5. Make the most of each hold:
In indoor climbing, each hold will have a 'best' spot on the hold which is the part you should use. You need to try and find it (hand and feet!). Beginners tend either to grab and pull without 'feeling' for the best bit first, or, when they get stuck on a move, they feel around for way too long trying to find that magic hidden incut that isn't there. Somewhere in between is best; look and feel the hold to find the best bit, then move on. If you get stuck, concentrate your efforts on feet (see No. 1) and looking for other holds.

2 August 2006

New to climbing? - the basics

First climbing steps in the old Kelvin Hall wall (I miss it!). Note chalk clogged atmosphere!

One of the things I'm finding on my web crawls for good climbing training sites is a lack of god resources for beginners. My memories of getting into climbing were not being too intimidated by all these grades, ethics, rules of the sport and the jargon of training - sets, reps, intervals, Egyptians, etc I just tried to soak it up. But I know others find it off-putting. Starting out in climbing is a bit of a magical time (of course it doesn't have to get any less magical as time goes on!), and I think what you are exposed to when you start out often shapes your likes and skills later on, even if you diversify your climbing.

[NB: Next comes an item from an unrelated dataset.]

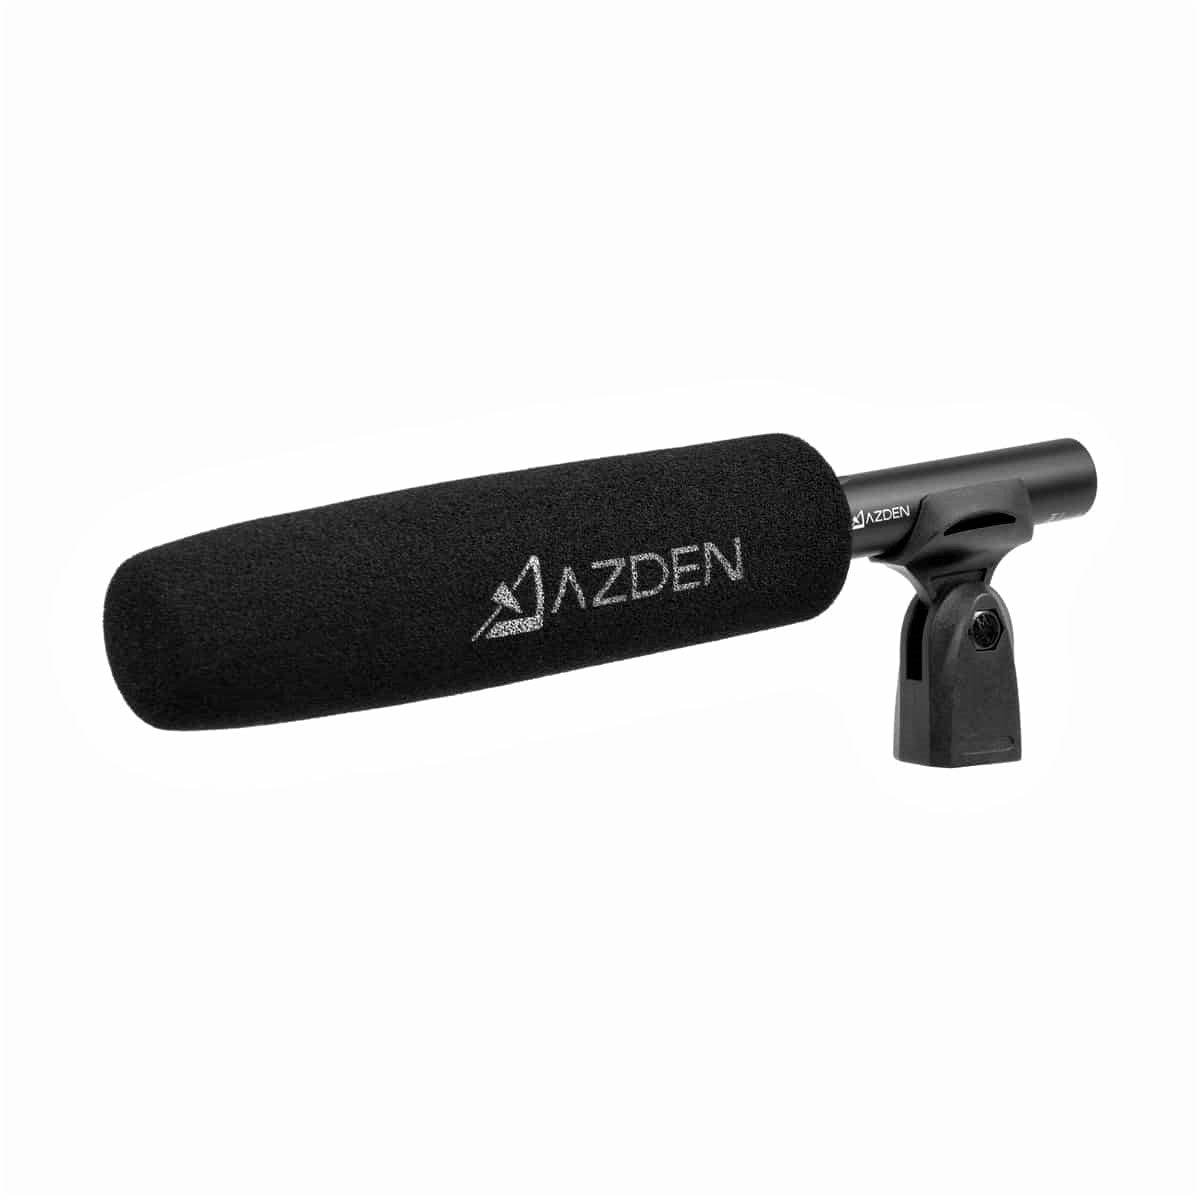 Azden Professional Hypercardioid Shotgun Microphone

Strictly speaking, basic climbing safety is outwith the scope of this site, but there is certainly a lot of overlap between basic climbing tactics and skills and performance factors and they must fit together. I've added a link to the New to climbing? section for a series of Planetfear guides for starting out in various types of climbing. I'll be searching for more and writing some myself for taking your first steps in getting better at climbing once you decide you have the 'disease'.